Compared to 1,2,3...more years ago, the news reaction in the FX markets is hardly existent. For instance, the UK CIPS Services report last week, hardly a blip up and certainly not enough to warrant a long trade...a think that's what you suggested, no? Then, the US ADP Jobs report last week, blew the doors off in a positive deviation. We got like 12-15 pips on the USDJPY, if that. You couldn't even cover spread on a spike trade. 5 years ago, the UY would've spiked 50 pips and followed through for a hundred likely.

My point was, most of the news is not moving the FX markets enough to justify spike trading. Between slippage and spread, it's extremely difficult to make a profit. And any after news follow through is quickly muted out by the risk appetite of the moment...what the stock markets are doing.

Spike trading is not worth doing. The only game is the Risk Trade...and it is working out very nicely for me...place orders after the news, the spread goes back to normal, no slippage. But...only a person who's wanting to lose money takes a news trade against Risk appetite, at least right now.

Surely you have recognized this? It's been like this for months.
 
My point was, most of the news is not moving the FX markets enough to justify spike trading. Between slippage and spread, it's extremely difficult to make a profit. And any after news follow through is quickly muted out by the risk appetite of the moment...what the stock markets are doing.
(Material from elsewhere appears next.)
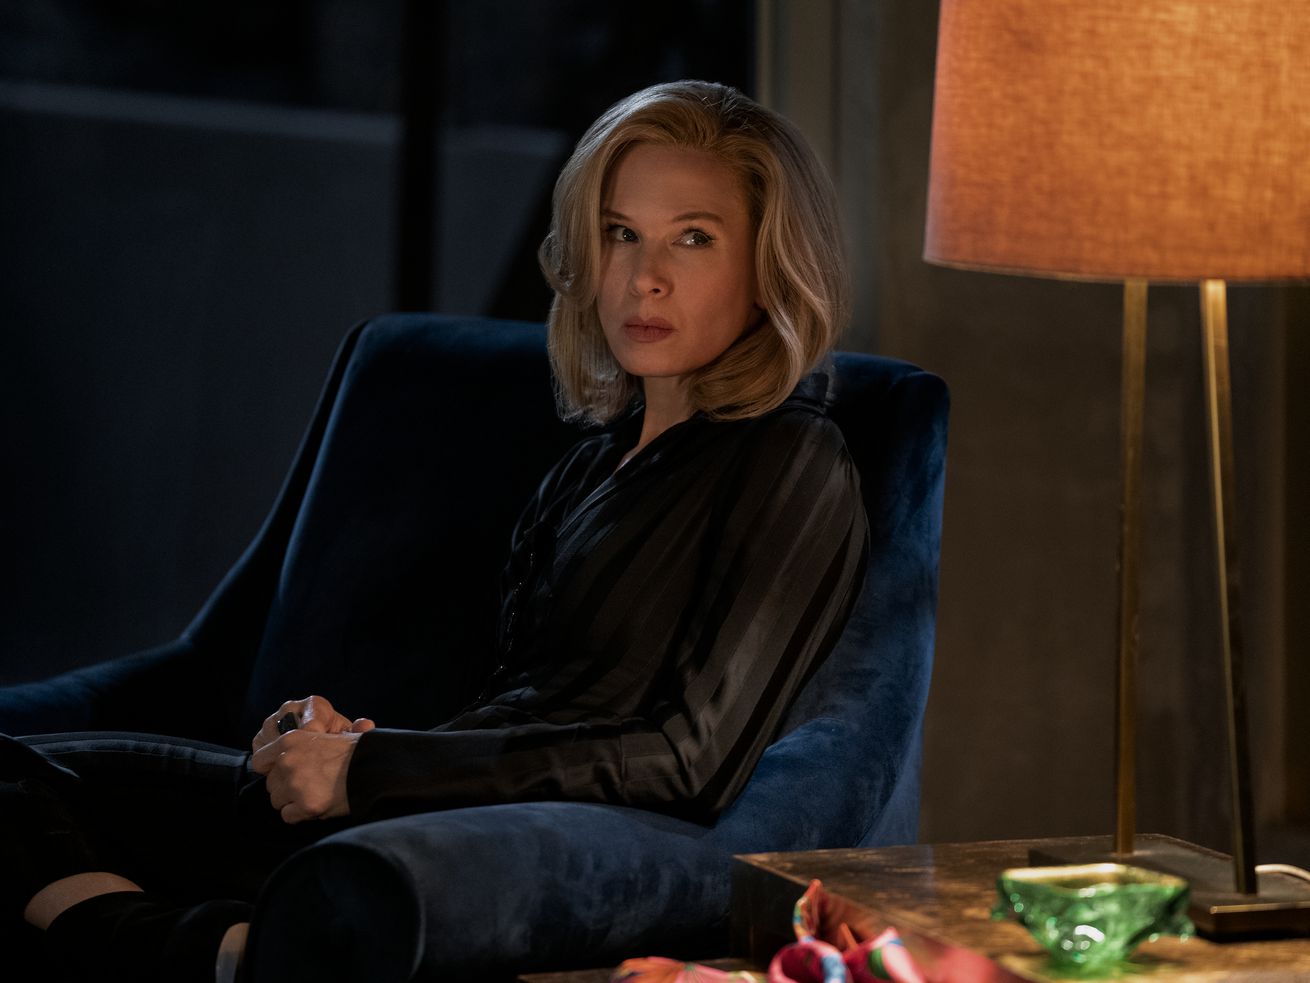 Renee Zellweger plays a conniving venture capitalist in the Netflix series “What/If.”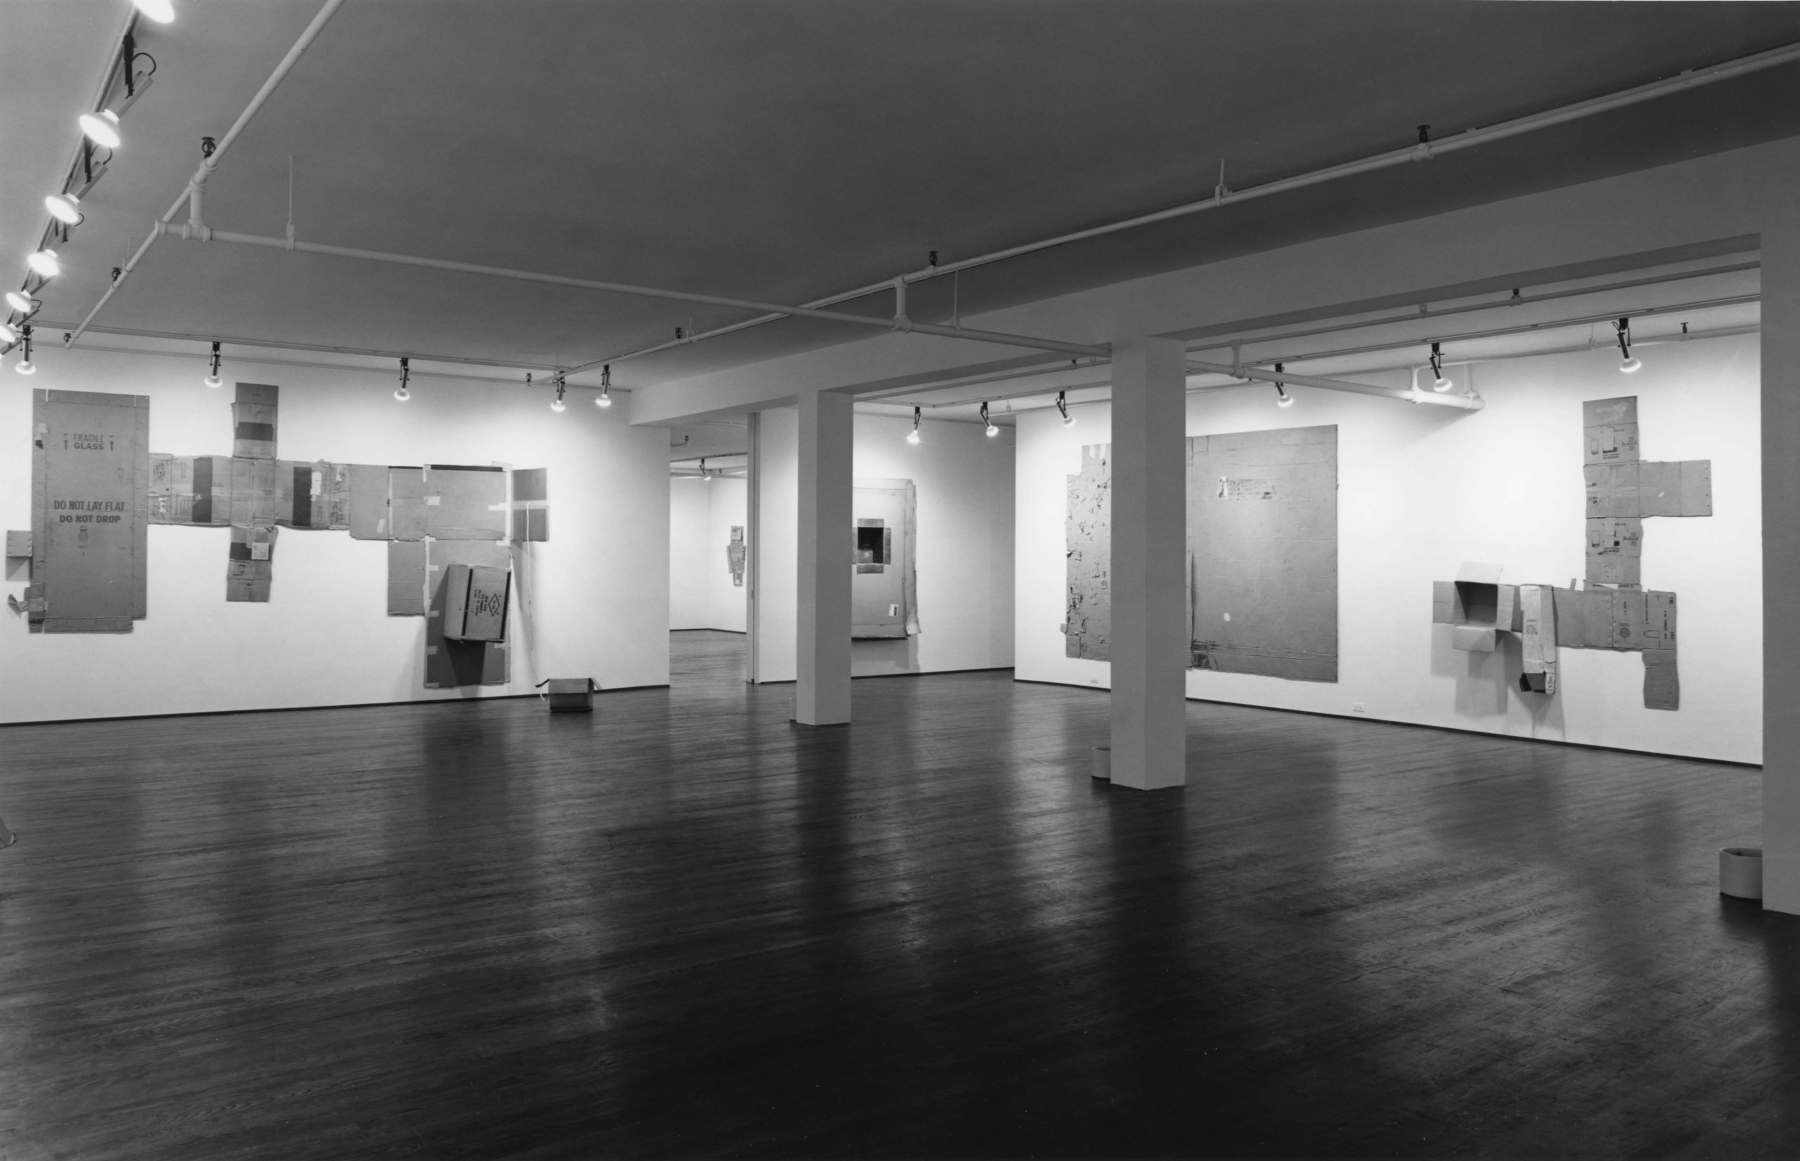 Installation view of Robert Rauschenberg: Cardboards, at Leo Castelli, New York, 1971, with Castelli / Small Turtle Bowl (Cardboards) (1971) second from right (pages 24-25). Image Castelli Gallery, New York. Photo by Geoffrey Clements.&amp;nbsp;

I definitely agree with this statement. I've spike traded the news since the days when Felix ran the Forex Diamonds room. Anyone remember "Scatman"? And spike trading today is only a slight shadow of what it once was. Back in the day, I made a crapload of money spike trading, and I don't mean just creaming the bucketshops. I had an ECN Currenex account that filled at news incredibly well. Best spike trade ever? CAD interest rate surprise to the tune of a $12,000 profit in about 6 minutes. That was the "happy time" hehe...:)

But so much has changed. I don't quite agree that spike trading is not worth doing, but it is much more difficult to make money at it right now, and clearly markets are far more focused on Europe and the risk trade than last month's retail sales, PMI, etc. I didn't make $2500 trading against the spike on this report like Pip Dog did, but hey I made 8 pips. With a large positive deviation on this report like there was, who would have predicted such a strong price move the opposite way unless you were aware of this new paradigm? News traders going long on that deviation got their rear handed to them. All of this is something for any "traditional" news trader to consider if they haven't already.